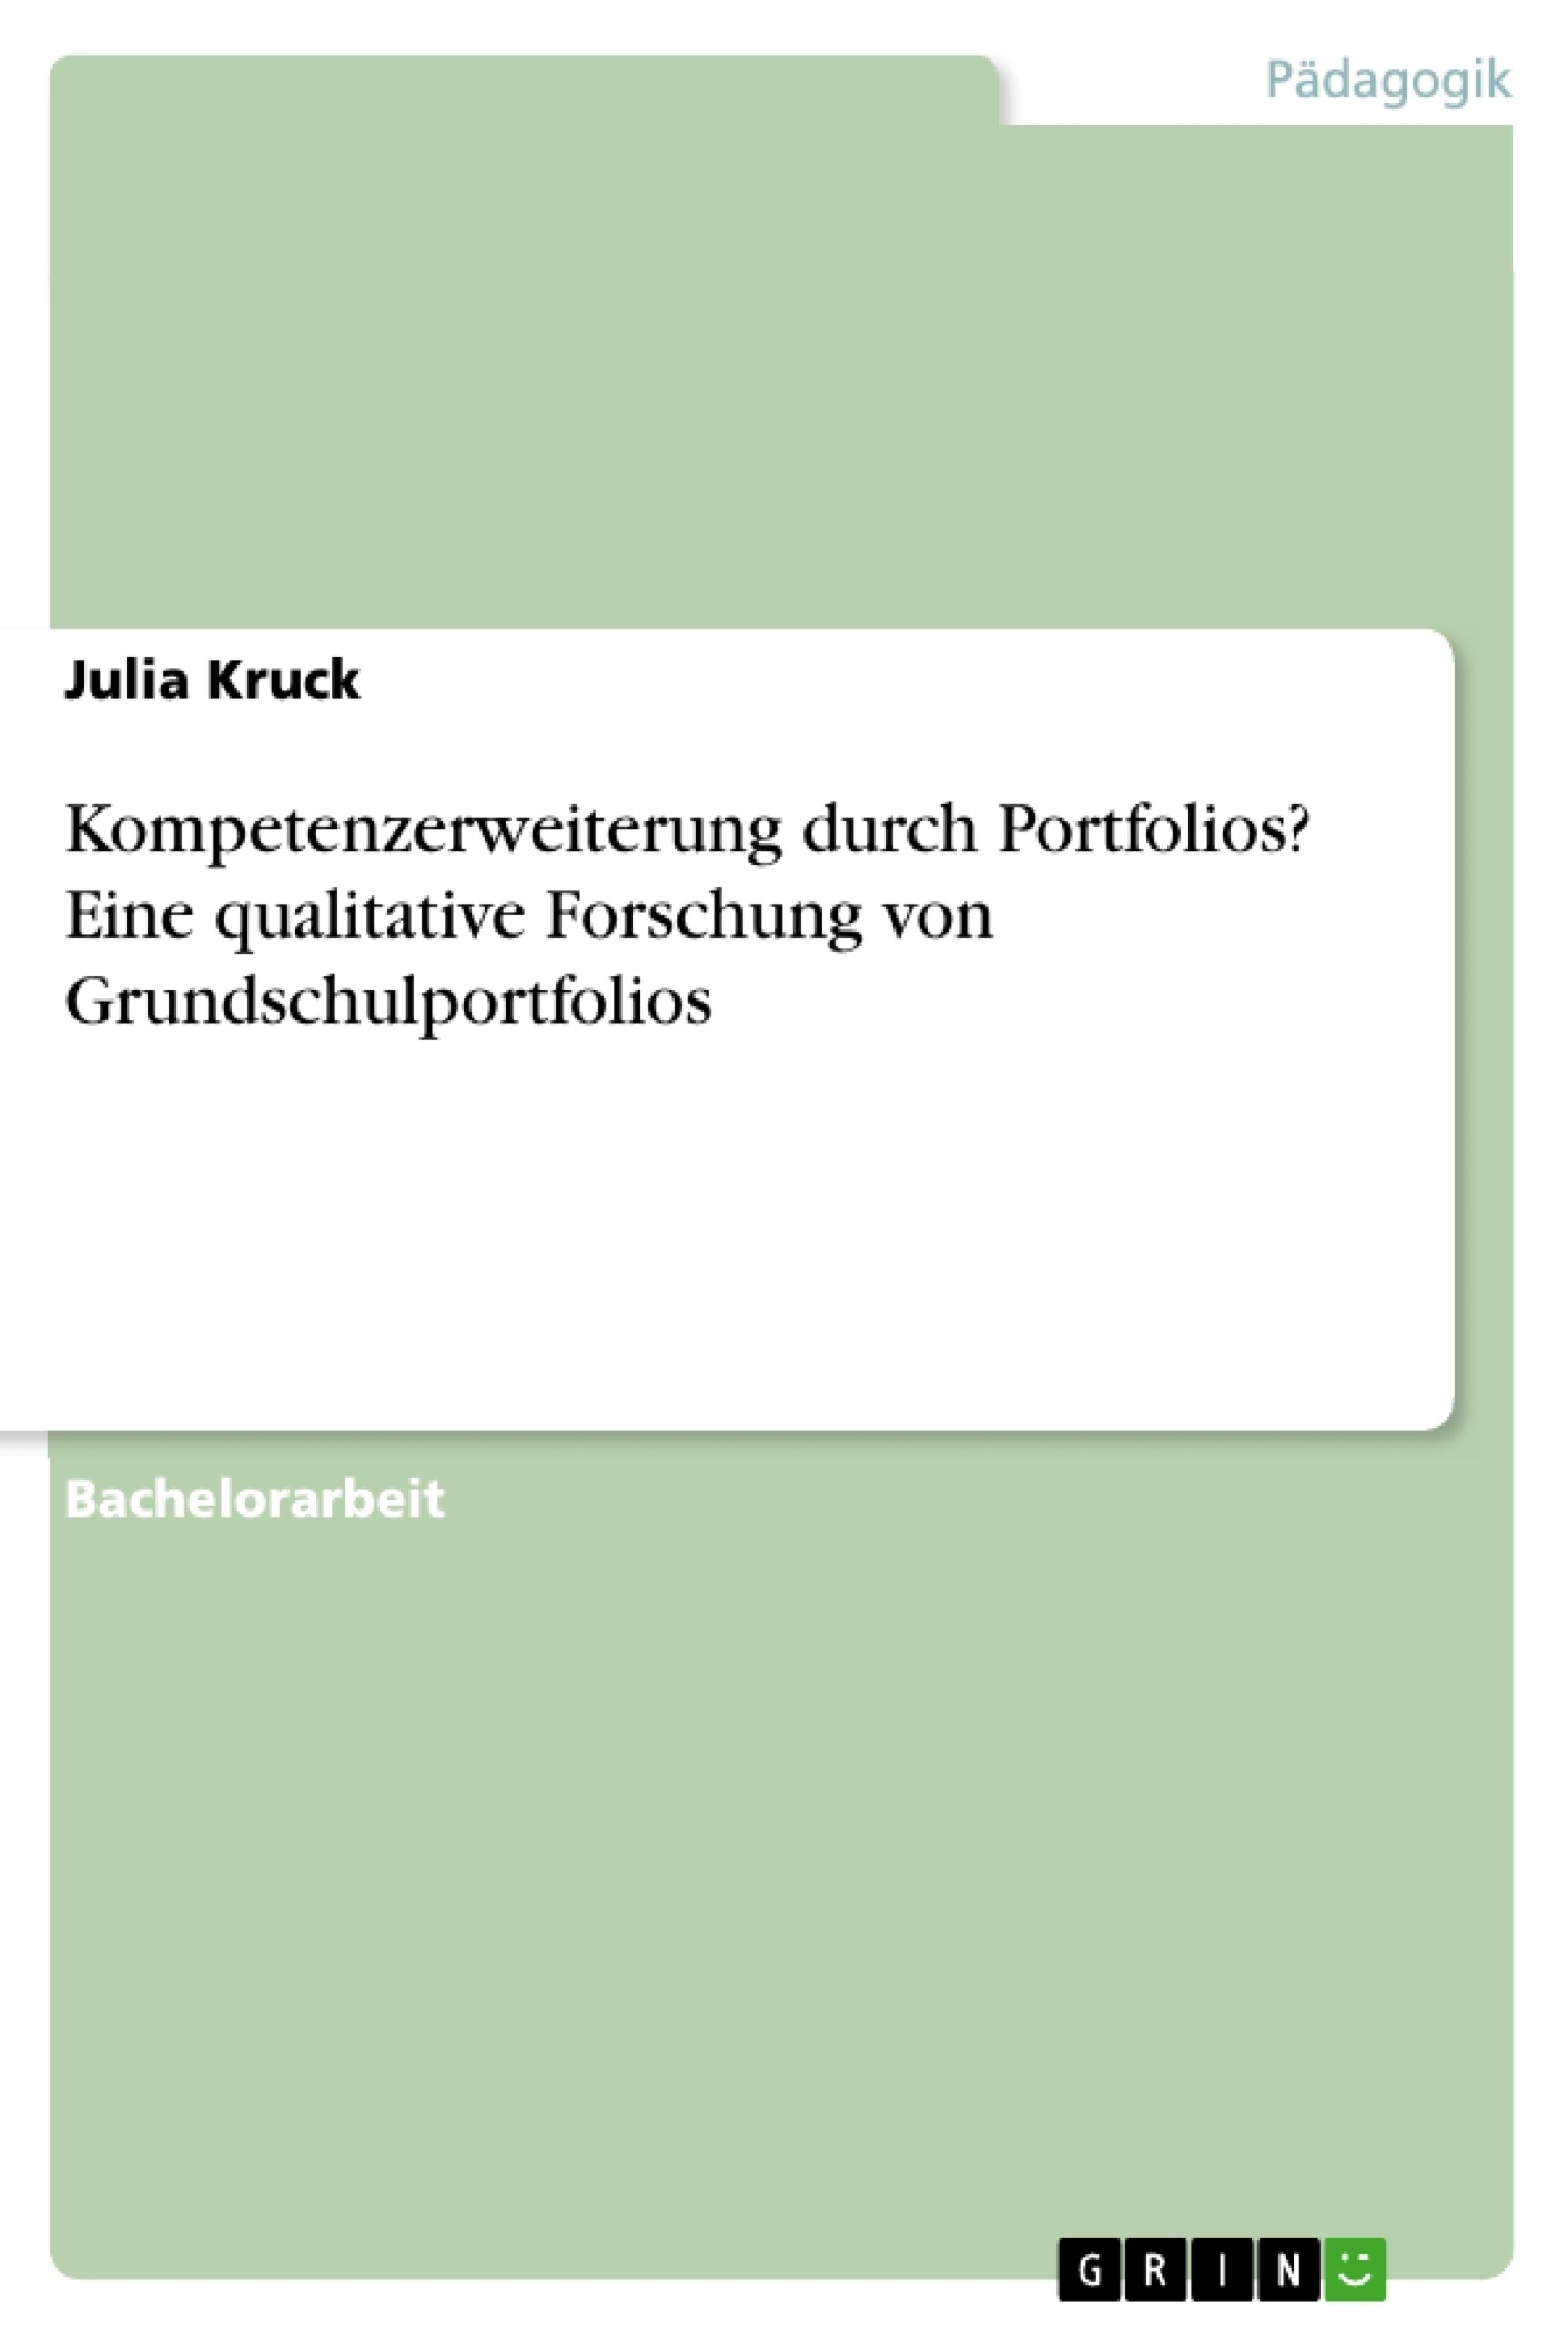 Titel: Kompetenzerweiterung durch Portfolios? Eine qualitative Forschung von Grundschulportfolios
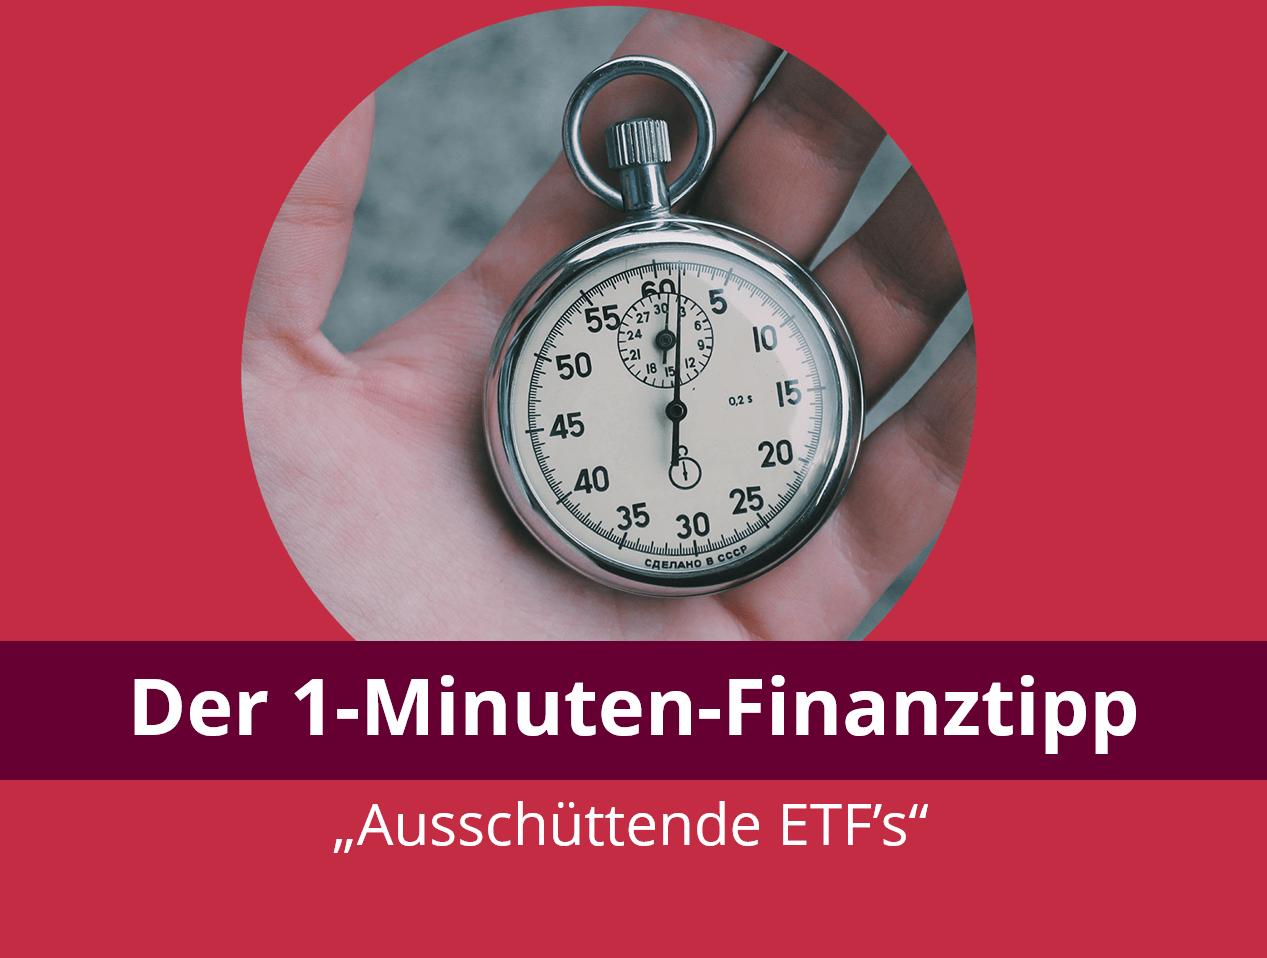 1-Minuten-Finanztipp: Ausschüttende ETF's
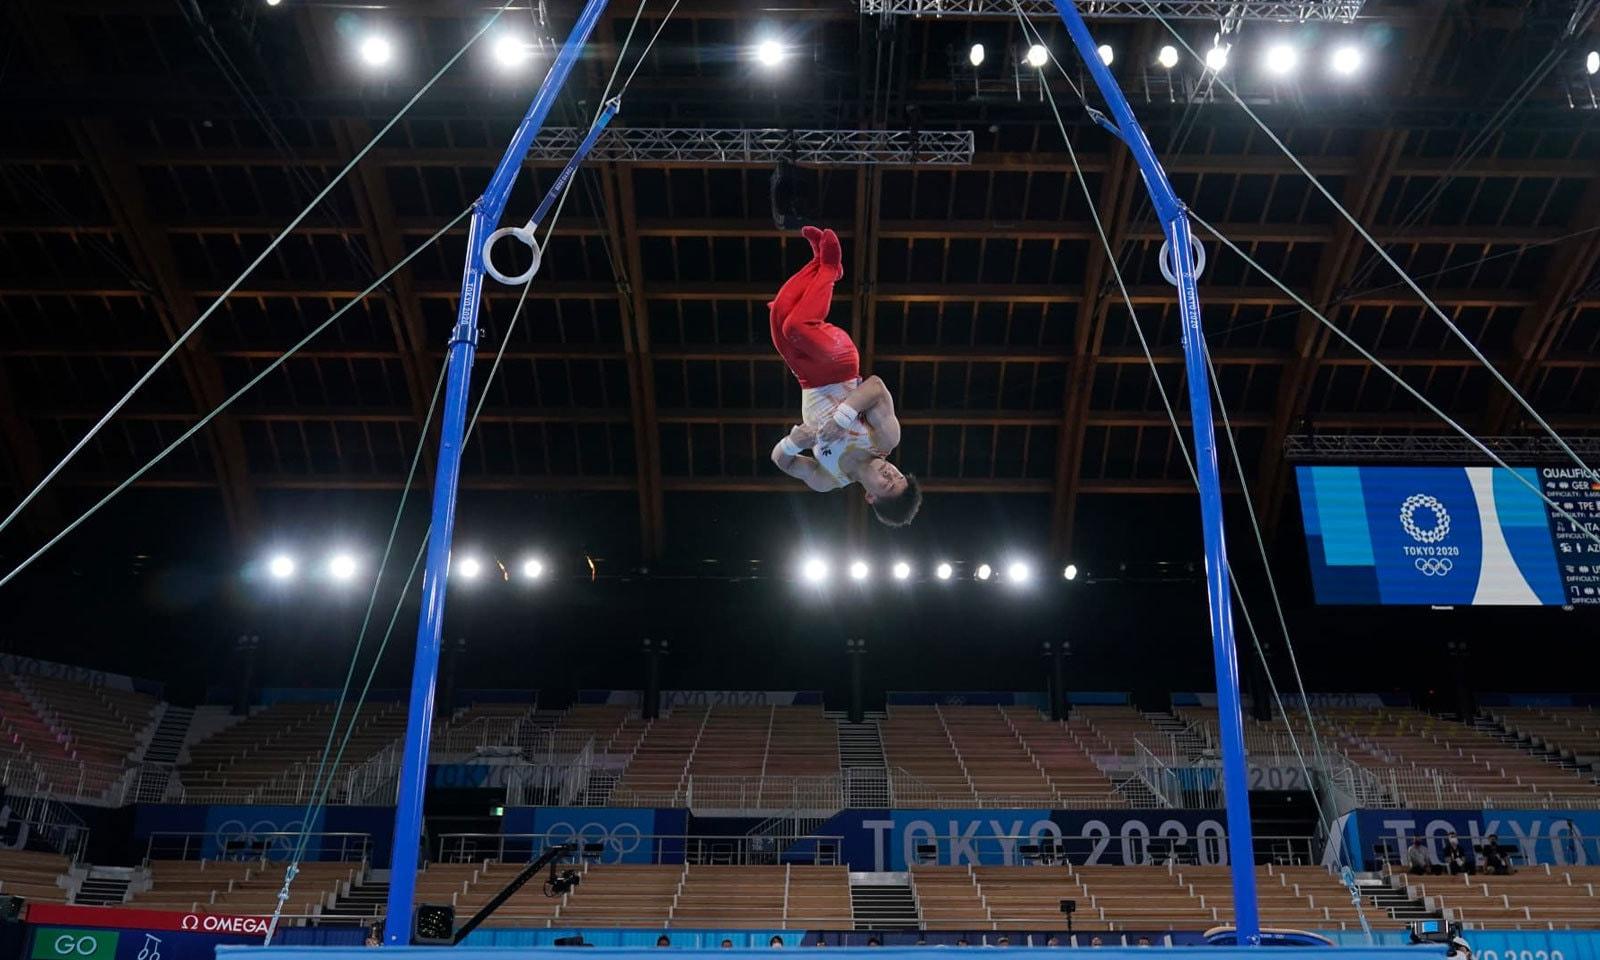 مین جمناسٹک مقابلوں میں فلپائن اولمپئن نے شان دار کارکردگی دکھائی— فوٹو: اے پی

▶ **Work task**: Please ensure that the data above is repeated exactly, with no pictures in the copy.

▶ **Response**:
 Titel: Kompetenzerweiterung durch Portfolios? Eine qualitative Forschung von Grundschulportfolios
 1-Minuten-Finanztipp: Ausschüttende ETF's
 مین جمناسٹک مقابلوں میں فلپائن اولمپئن نے شان دار کارکردگی دکھائی— فوٹو: اے پی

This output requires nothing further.